То, о чем Филле Бом теперь размышлял и на что решился, нельзя было сделать в воскресенье. Но на следующее утро, едва на востоке забрезжил рассвет начинавшейся новой рабочей недели, Филле Бом уже сидел в своей лодке и плыл далеко на взморье. Филакс был с ним в лодке, как всегда; он сидел на корме, его добродушная морда имела мрачное выражение. Удалившись настолько, что избы и скалы стали сливаться, Бом наклонился и привязал к шее собаки большой камень. Собака ласкалась и лизала загорелую руку хозяина, а старый Бом бормотал сквозь зубы проклятия и тихонько трепал Филакса по голове. Потом он отвернул лицо, поднял Филакса выше борта и, столкнув камень, выбросил собаку. Она погрузилась в море, не издав ни одного звука, и Филле Бом, впервые после многих лет, оказался в лодке один.

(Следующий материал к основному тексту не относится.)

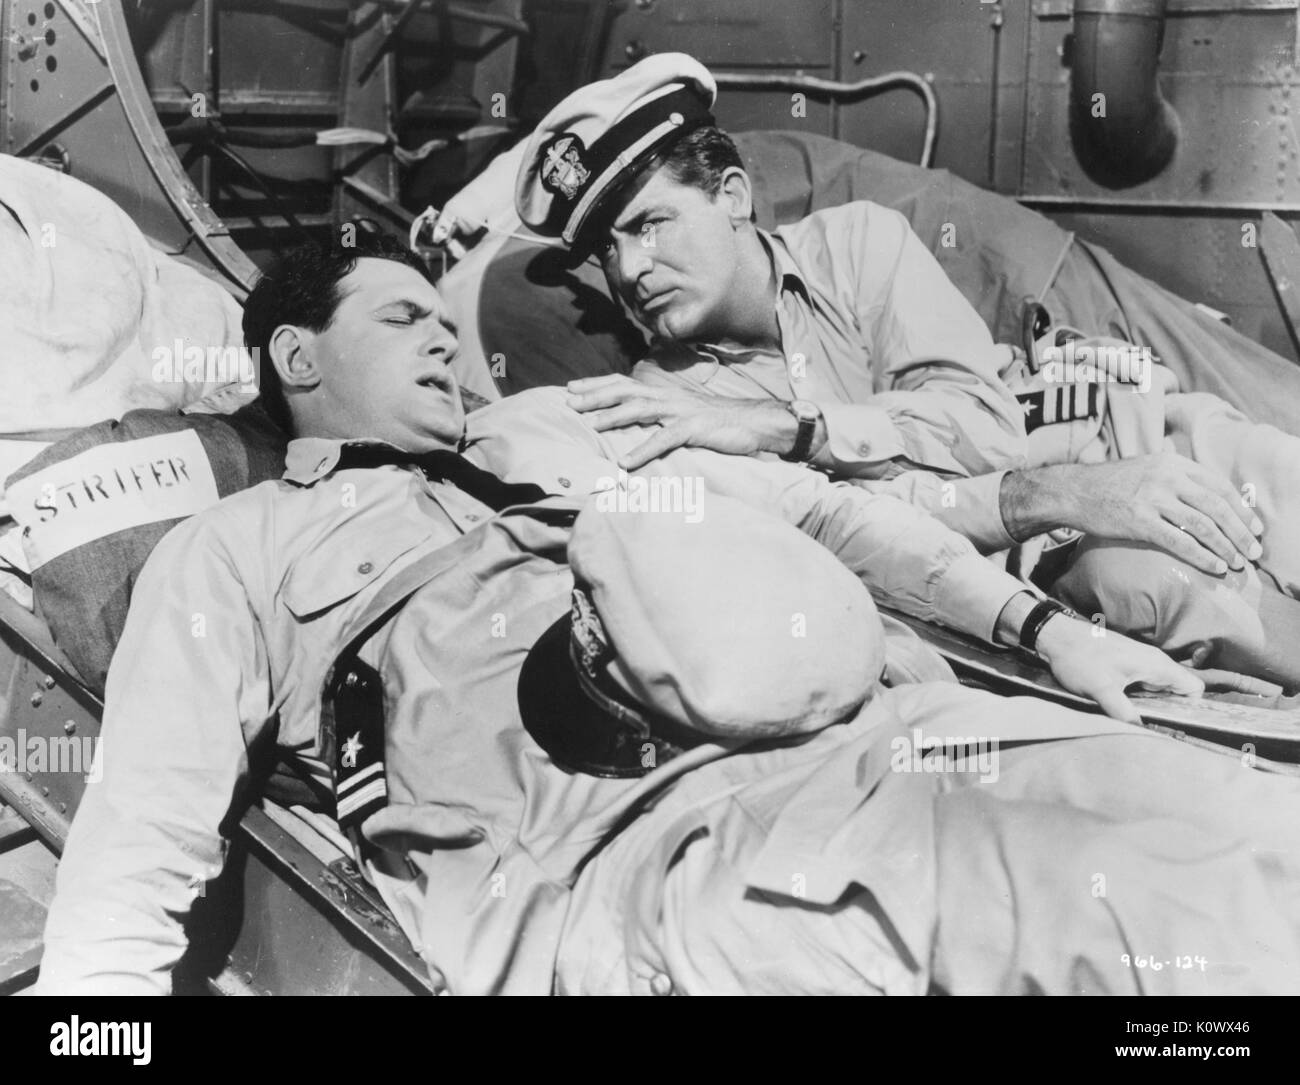 Deux soldats sur une civière, l'un apparaissant être blessés, le second le réconforter, portant des uniformes militaires, dans un film encore non identifiés à partir d'un film de guerre de Hollywood, Hollywood, Californie, 1953. Crédit photo Smith Collection/Gado/Getty Images. Banque D'Images

Лишь через несколько дней вернулся старый Бом домой. Он был пьян и жена не посмела его спросить, где он пропадал.
Вот, почему Бома не было в церкви и мать Беда ничего не могла разузнать. О происшествии с Филаксом она узнала-только в понедельник и тогда же поняла, что не скоро ей придется поговорить с Филле Бомом.
Ни мать Беда, ни Филле Бом не могли, конечно, знать, что для них было большим счастьем, что им не удалось на этот раз побеседовать. А когда это выяснилось, Филакс был уже забыт, как и все передряги, вызвавшие его преждевременную кончину.